TASK ITEM:
Copy out the lines beginning with the one that contains "Sopalin® Power - Sopalin®" and ending with the last line below, exactly as they stand. Pictures are not copied.

GIVEN MATERIAL:
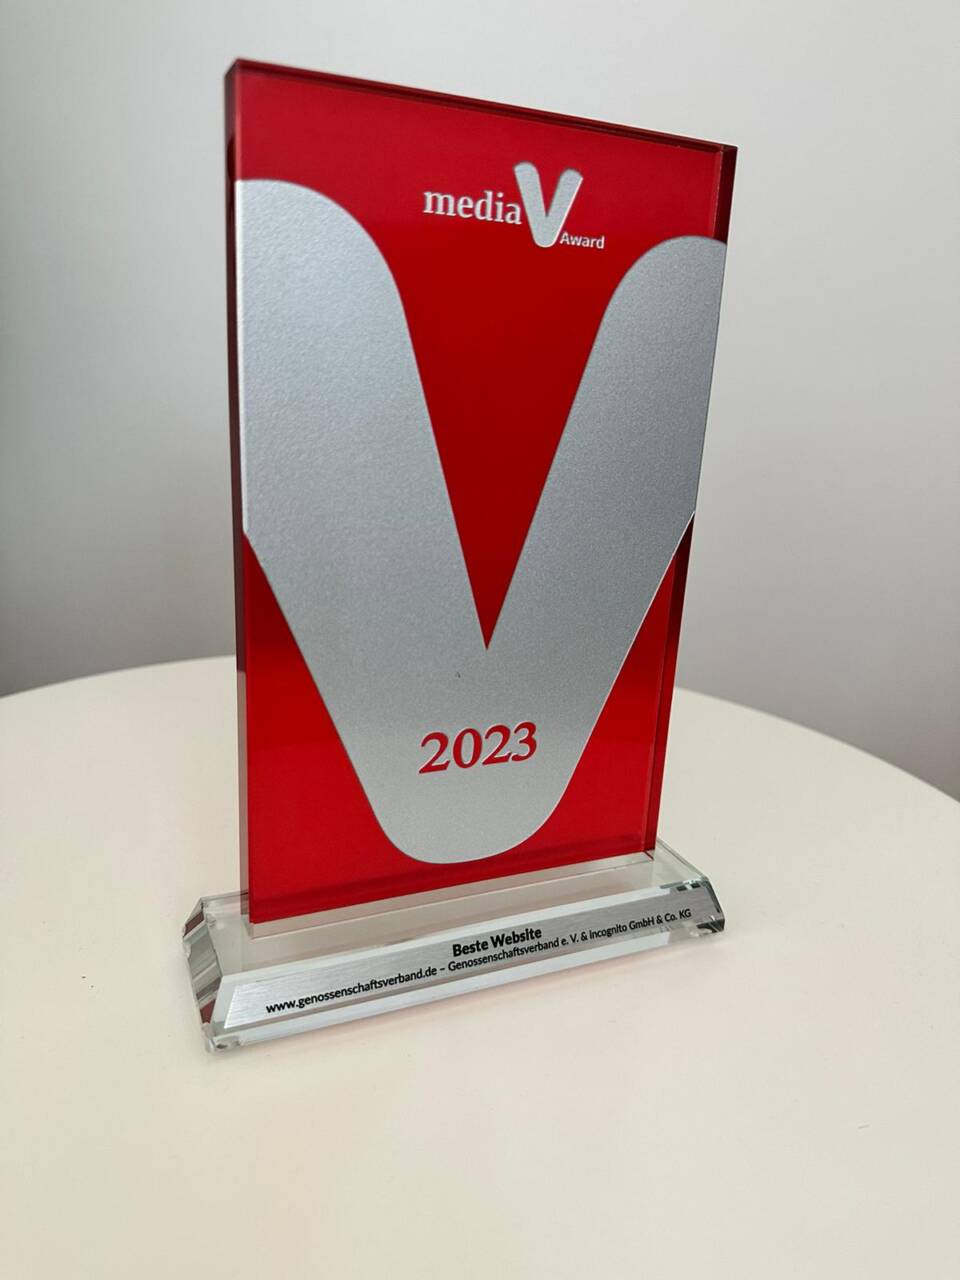 MediaV-Award "Beste Webseite" 2023
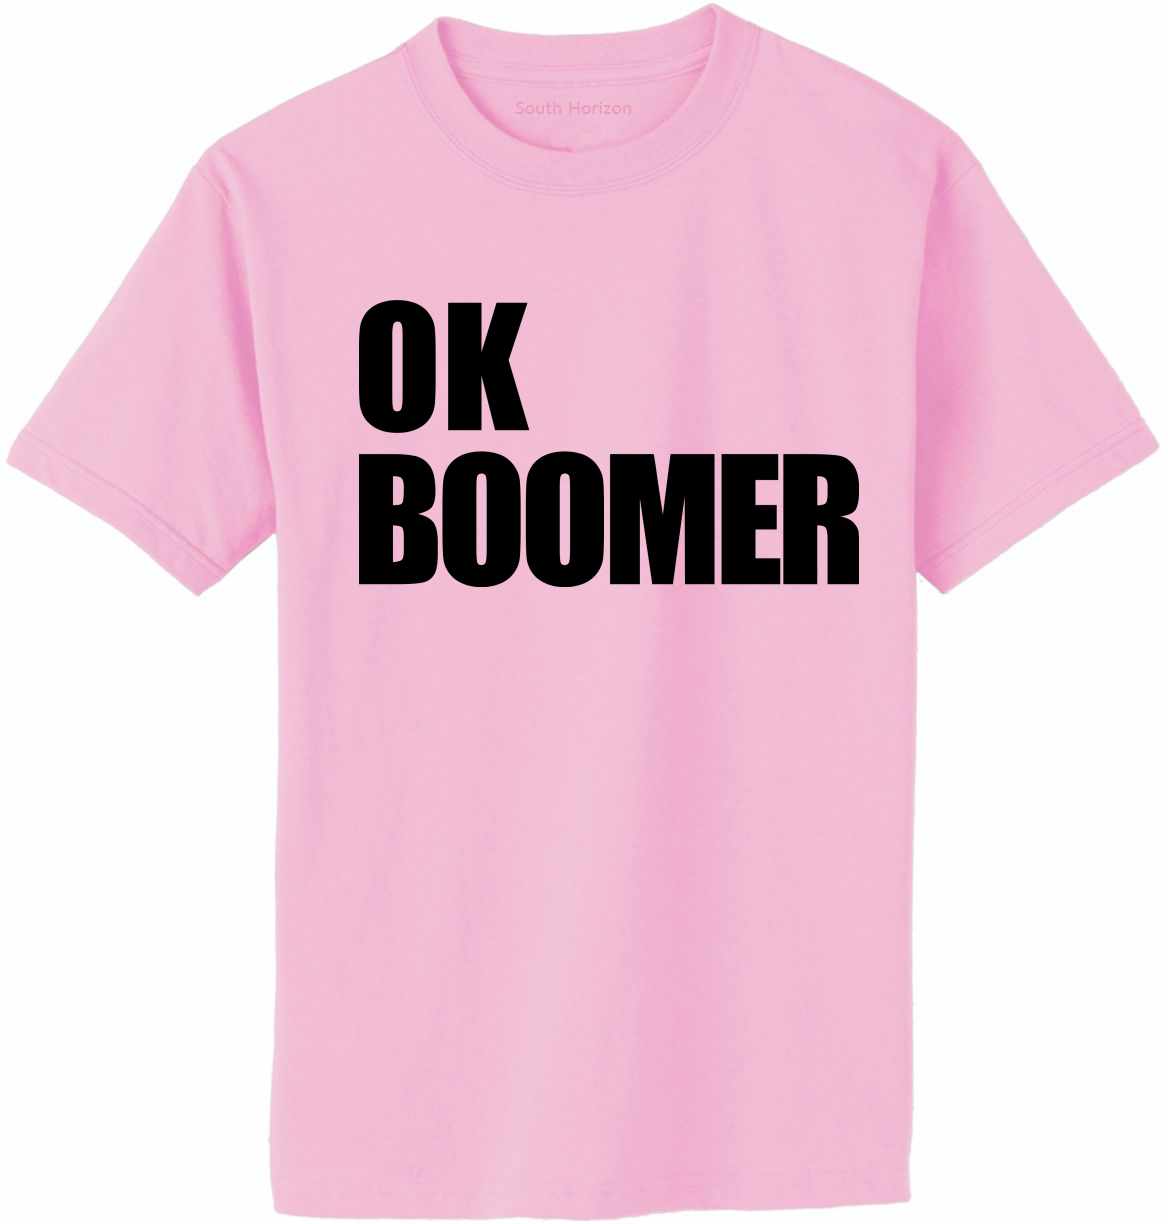 OK BOOMER Adult T-Shirt (#981-1)
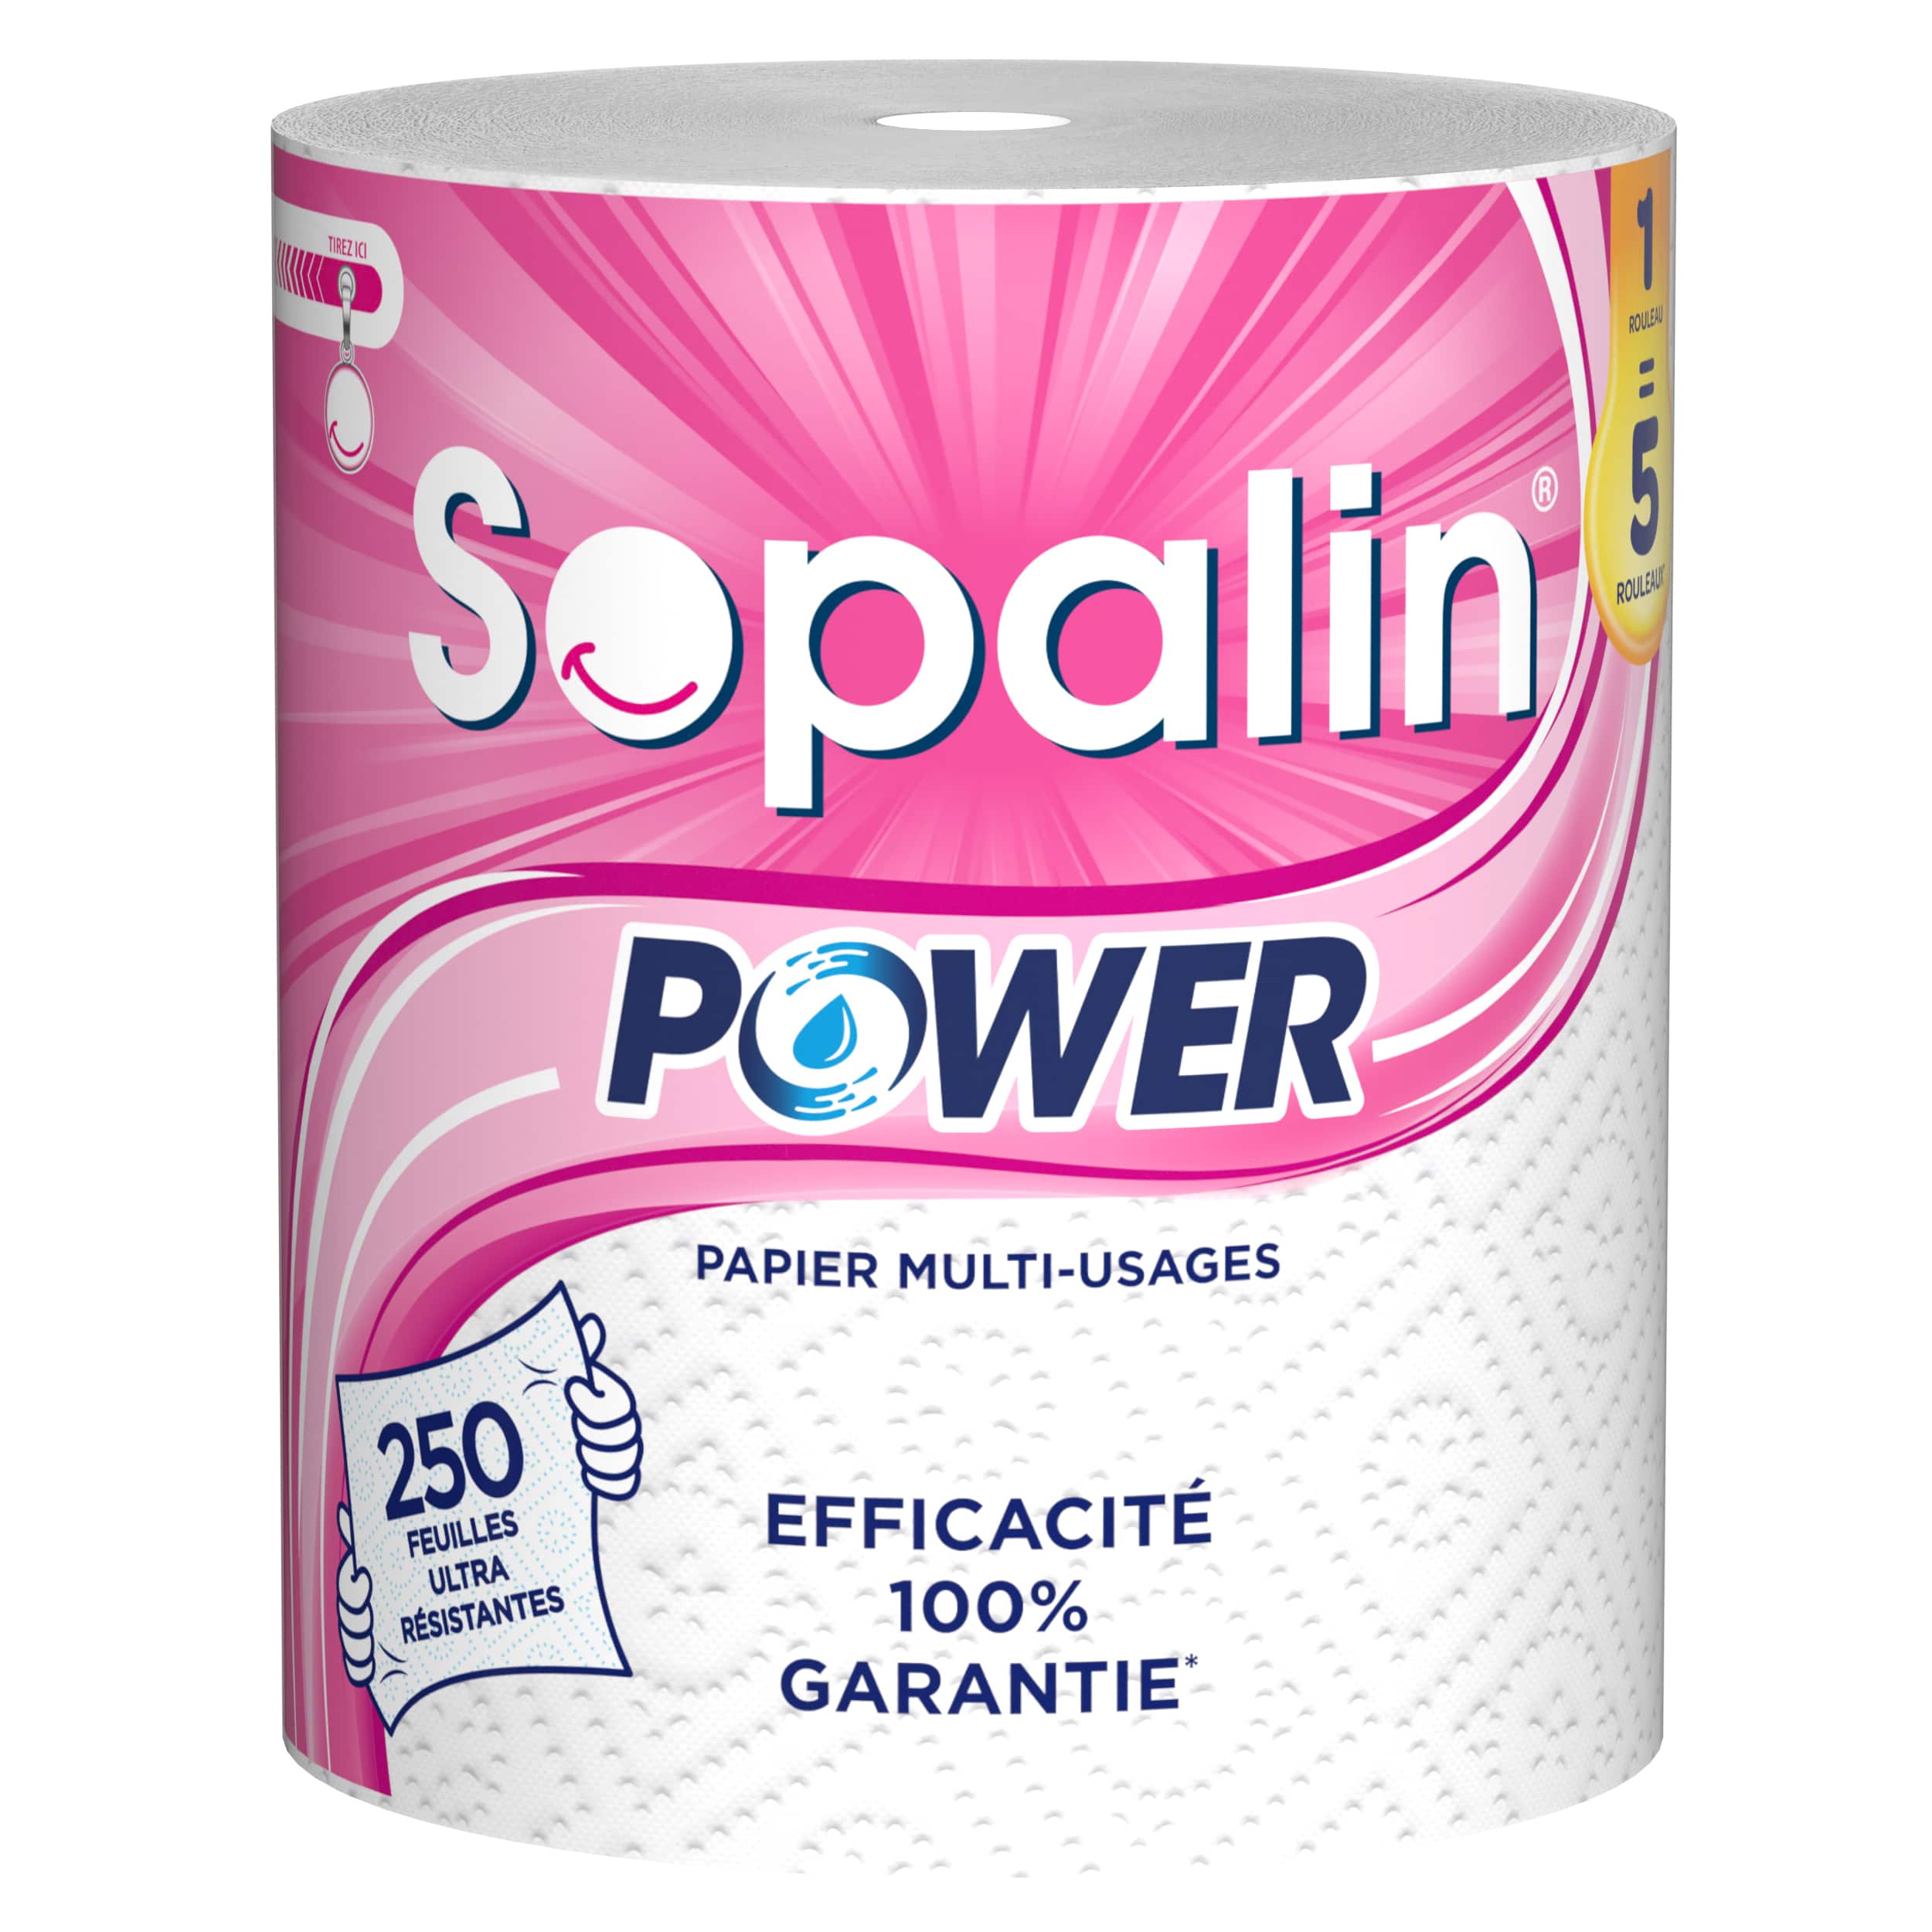 Sopalin® Power - Sopalin®
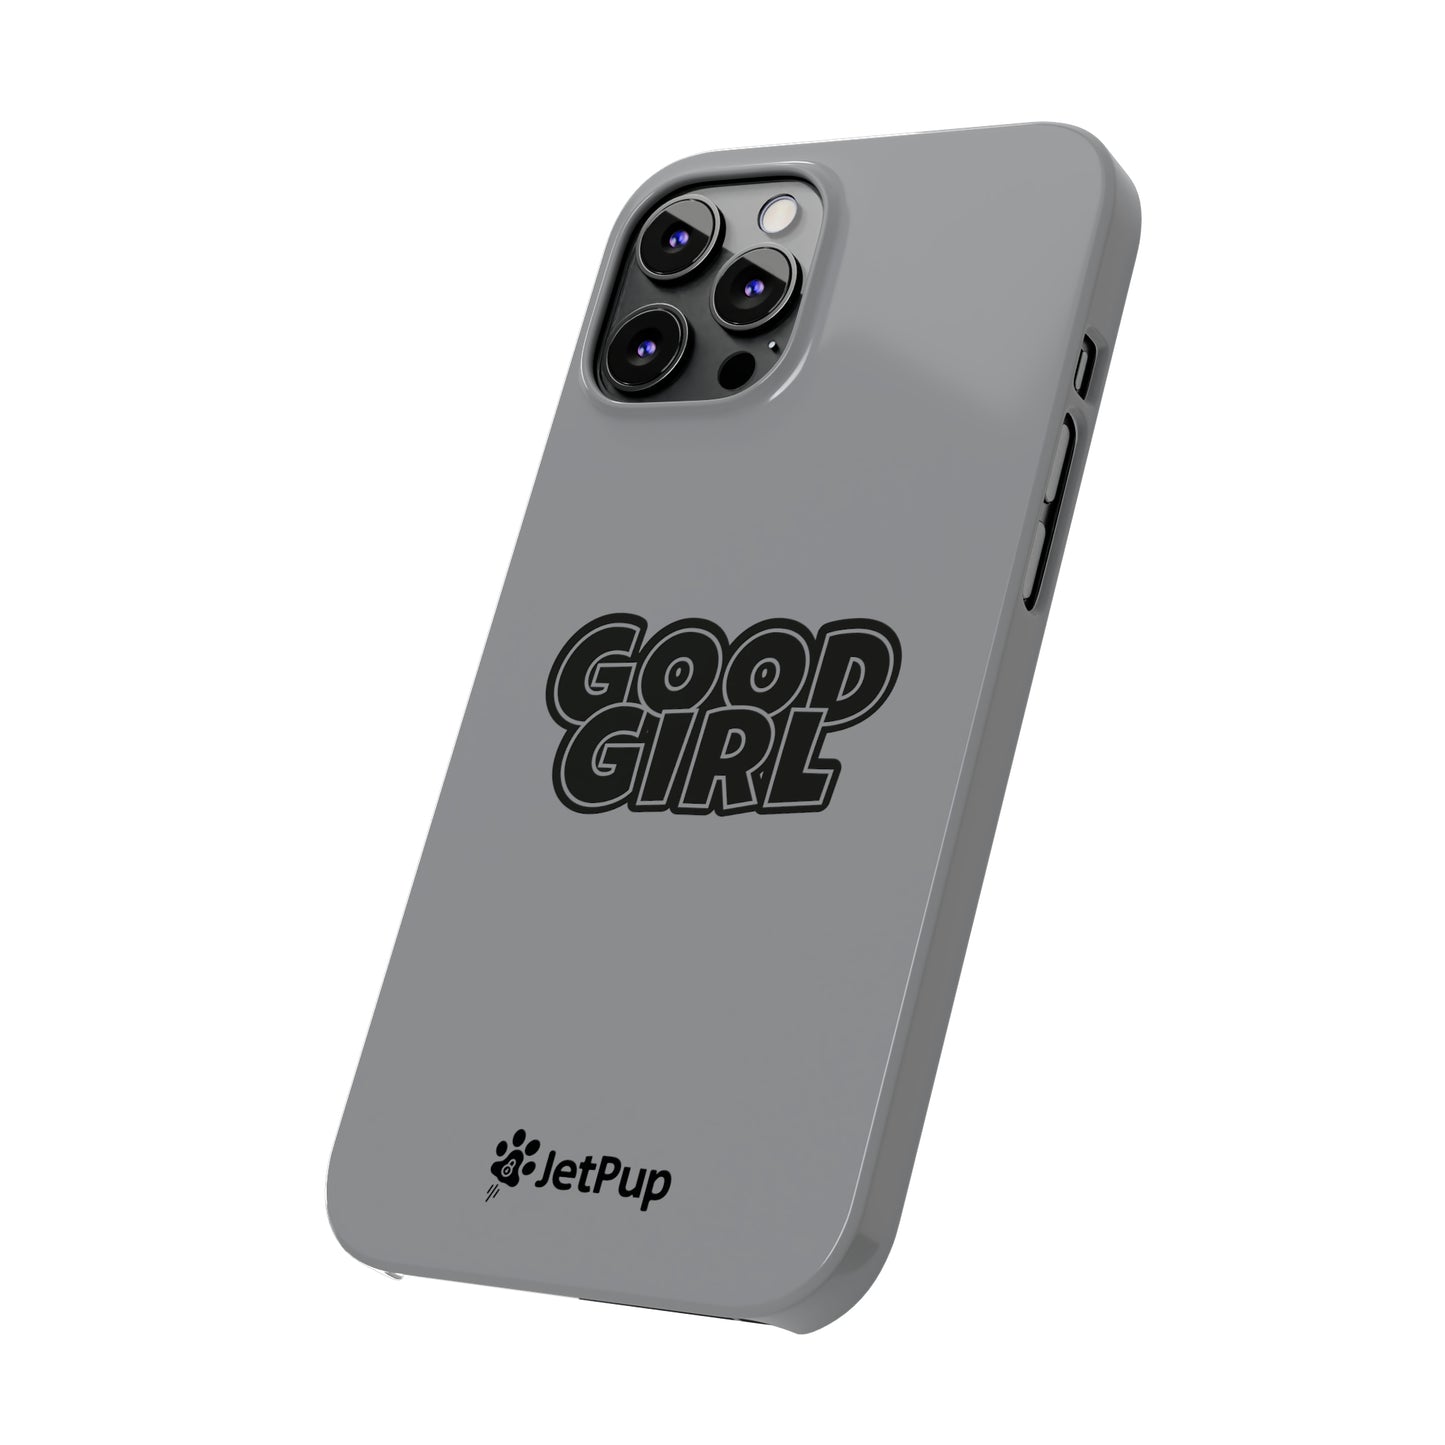 Good Girl Slim iPhone Cases - Grey

YOUR RESPONSE:
 Sopalin® Power - Sopalin®
 Good Girl Slim iPhone Cases - Grey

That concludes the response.